Introduction

A magnetic resonance imaging (MRI) scan of the brain presents an important application of image segmentation techniques. For example, an accurately segmented scan can assist in the diagnosis of brain disease and in the preparation of surgery. The three main tissue classes that are normally segmentated in a scan are white matter (WM), gray matter (GM), and cerebrospinal fluid (CSF). Facilitating segmentation requires high contrasts between these tissue types. To generate improved tissue contrasts requires varying parameters of the pulse sequences responsible for causing the hydrogen atoms contained in the body to emit radio frequencies when subjected to a magnetic field. The contrasts achieved through MRI scans is an improvement over computed tomography. However, results still suffer from the following obstacles to segmentation

  1. Electronic noise – disturbance in the electrical signal
  2. A bias field – An unwanted artifact producing inhomogenous intensities of tissue regions
  3. The partial volume effect – overlap of tissue classes within a voxel

The paper Segmentation of Brain MR Images Through a Hidden Markov Random Field Model and the Expectation-Maximization Algorith by Yongyue Zhang et al. provides justification for a Hidden Markov Random Field (HMRF) model together with an Expectation Maximization (EM) method of iterative parameter updating, for a framework that incorperates the spatial dependencies innate to three dimensional scans. It will be demonstrated that this is an improvement over the classical approach using a finite mixture (FM) model.
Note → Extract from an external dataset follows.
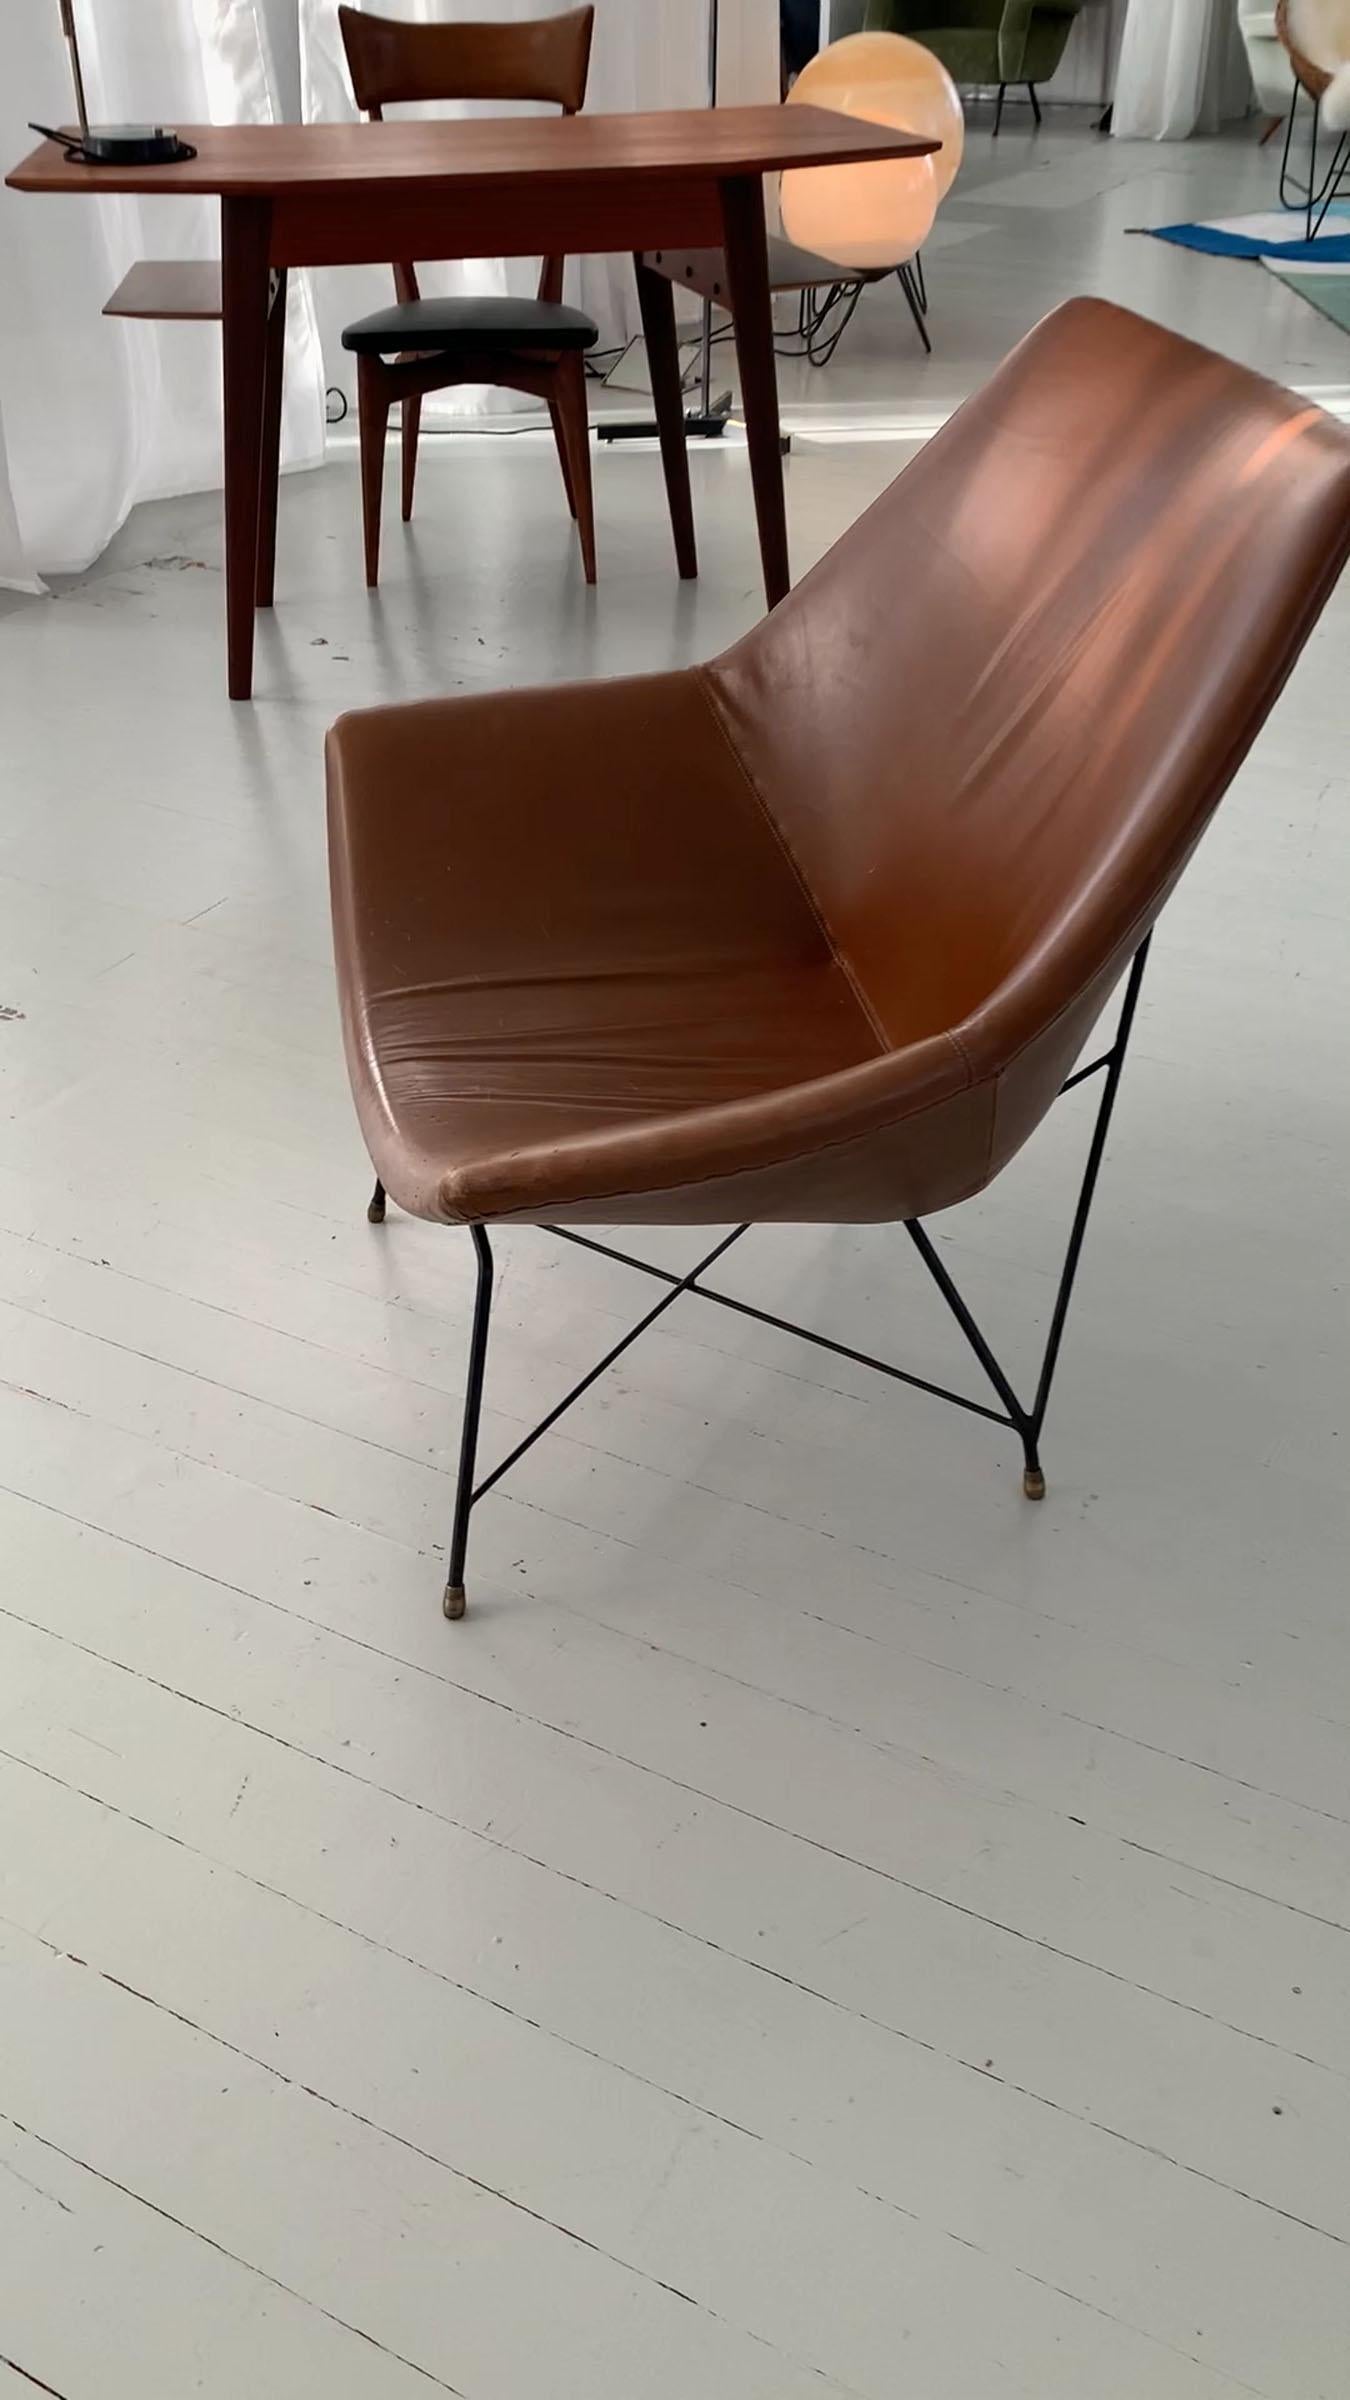 Italian Brown Leather Kosmos Chair Design by Augusto Bozzi for Saporiti, 1954 For Sale 4

In this project we adopt this framework to segment an MRI scan obtained from the mritc package. The success of this approach offers a means for automatic brain MR image segmentation.

NIfTI data format

The Neuroimaging Informatics Technology Initiative (NIfTI) format is an improvement on the ANALYZE format, retaining a header/image combination of data but also allowing for storage of auxillary information inside the file. The readMRI function from the mritc package can be used to obtain a three dimensional array with the appropriate image dimensions.
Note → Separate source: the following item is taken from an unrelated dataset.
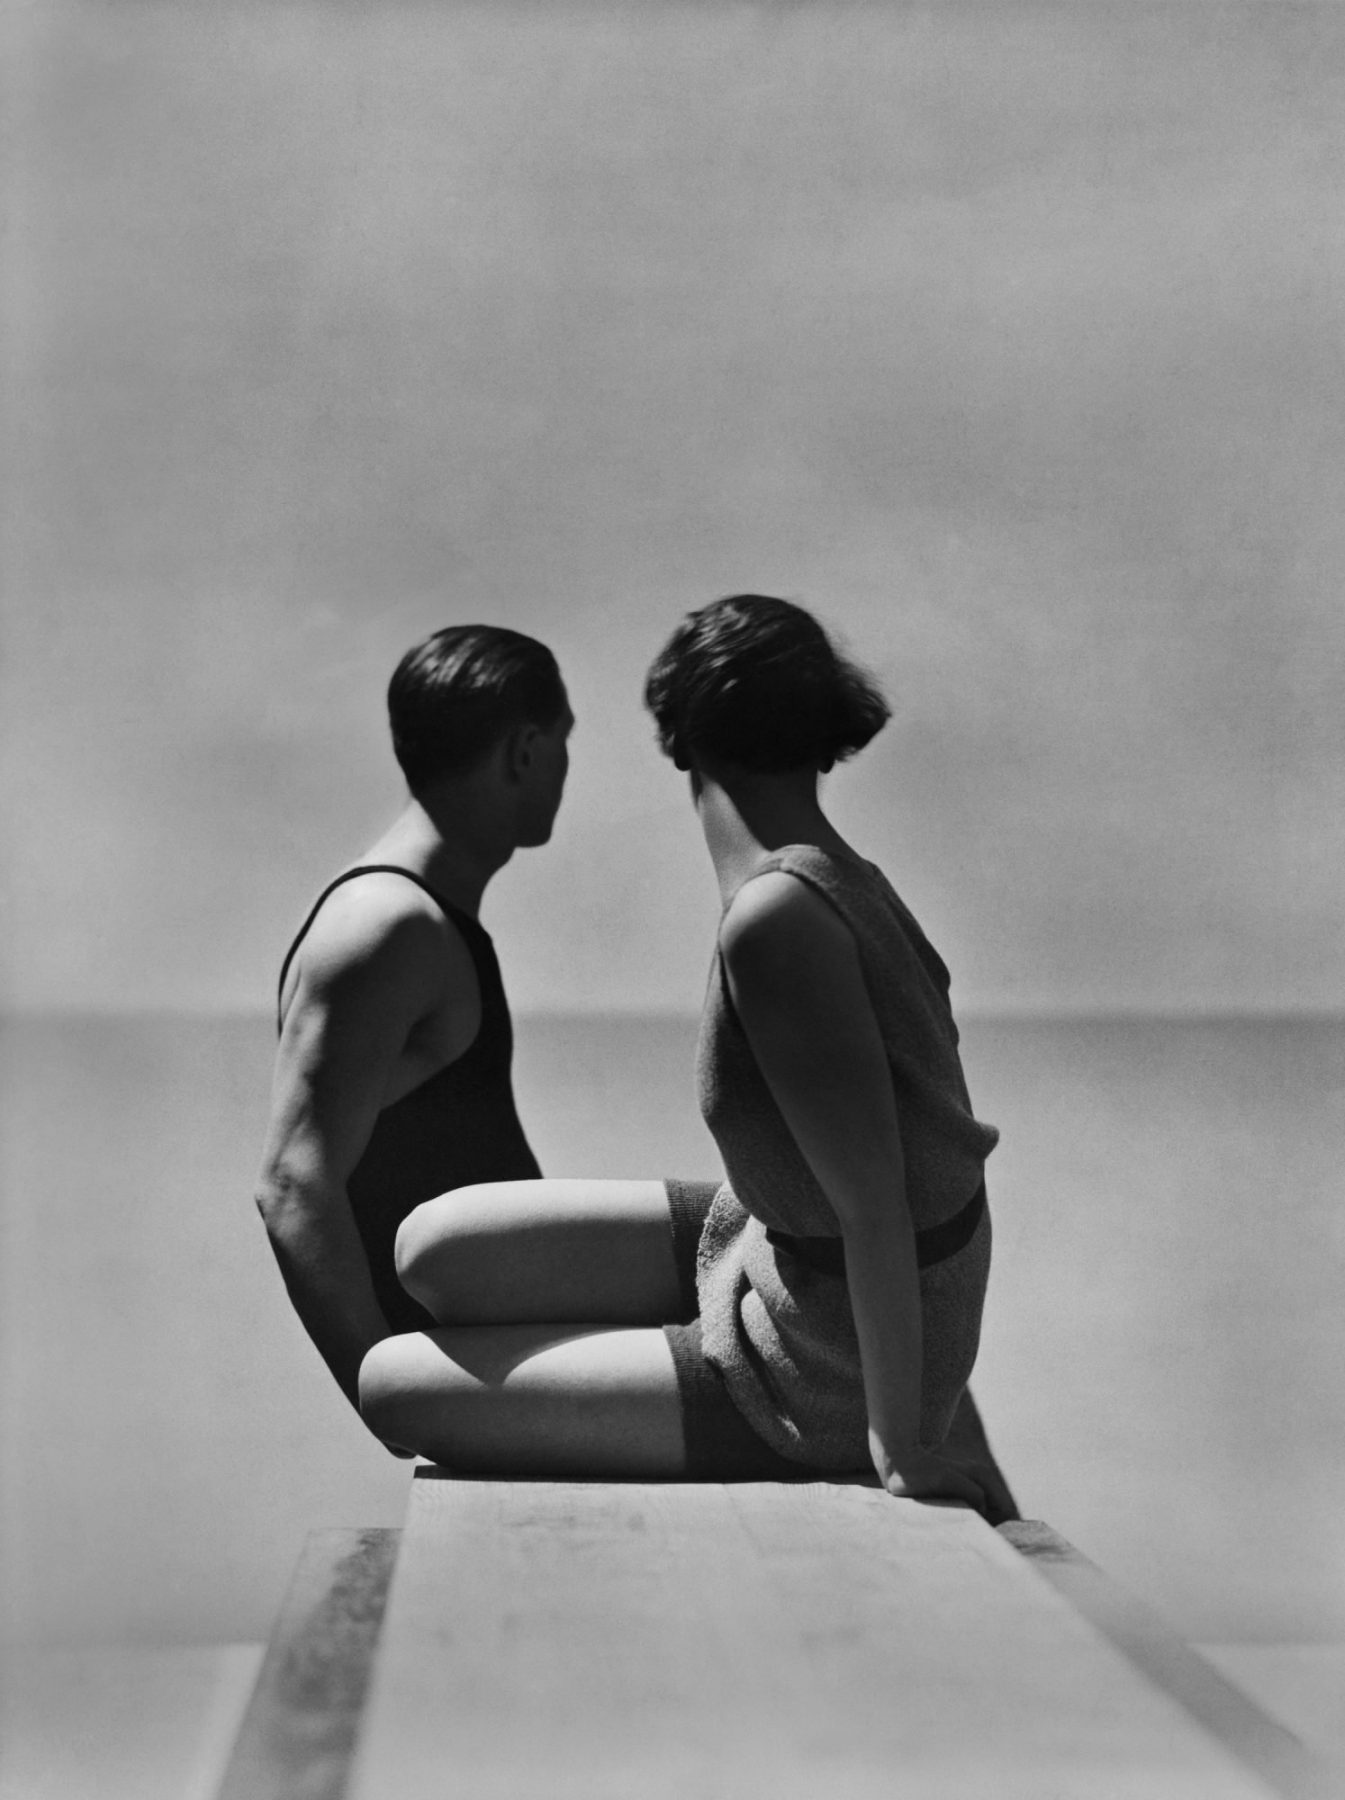 The Divers, swimwear by Izod, photo by George Hoyningen-Huene, 1930, one of the models was Horst P. Horst

An image pixel can be understood as a sample of some original image we would like to display on a screen. If we could then imagine a volumetric display (giving a three dimensional representation of an object), then what is called a voxel extends the concept as a sample from some three dimensional object (as shown on the right). Each voxel also contains a value; in our case this value represents the signal intensity, which ranges from 0 to 250.
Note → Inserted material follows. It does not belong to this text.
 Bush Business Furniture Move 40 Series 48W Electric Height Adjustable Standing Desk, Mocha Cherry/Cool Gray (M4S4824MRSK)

Source for figure to the right: https://commons.wikimedia.org/wiki/File:Voxels.svg

# Read in NIfTI data
T1 <- readMRI(system.file("extdata/t1.rawb.gz", package="mritc"),
              c(91, 109, 91), format="rawb.gz")
# Read in the mask for non-brain matter
mask <- readMRI(system.file("extdata/mask.rawb.gz", package="mritc"),
                c(91, 109, 91), format="rawb.gz")

Constructing a Markov Random Field

To make inferences on the data (comprising the entire scan) we consider a three dimensional image graph denoted \(\mathcal{G} = (\mathcal{V}, \mathcal{E})\), where \(\mathcal{V}\) is the set of nodes corresponding to \(N = 91 \times 109 \times 91\) voxels making up the three dimensional image, and \(\mathcal{E}\) corresponds to the undirected edges connecting the voxels. As mentioned earlier, the set of hidden classes attributable to each node is \(\mathcal{S} =\{WM, GM, CSF \}\), which are to be estimated from the signal intensities. Below is a density plots of the intensities taken from three different levels of depth into the saggital plane. The binary mask removes non-brain matter from the data.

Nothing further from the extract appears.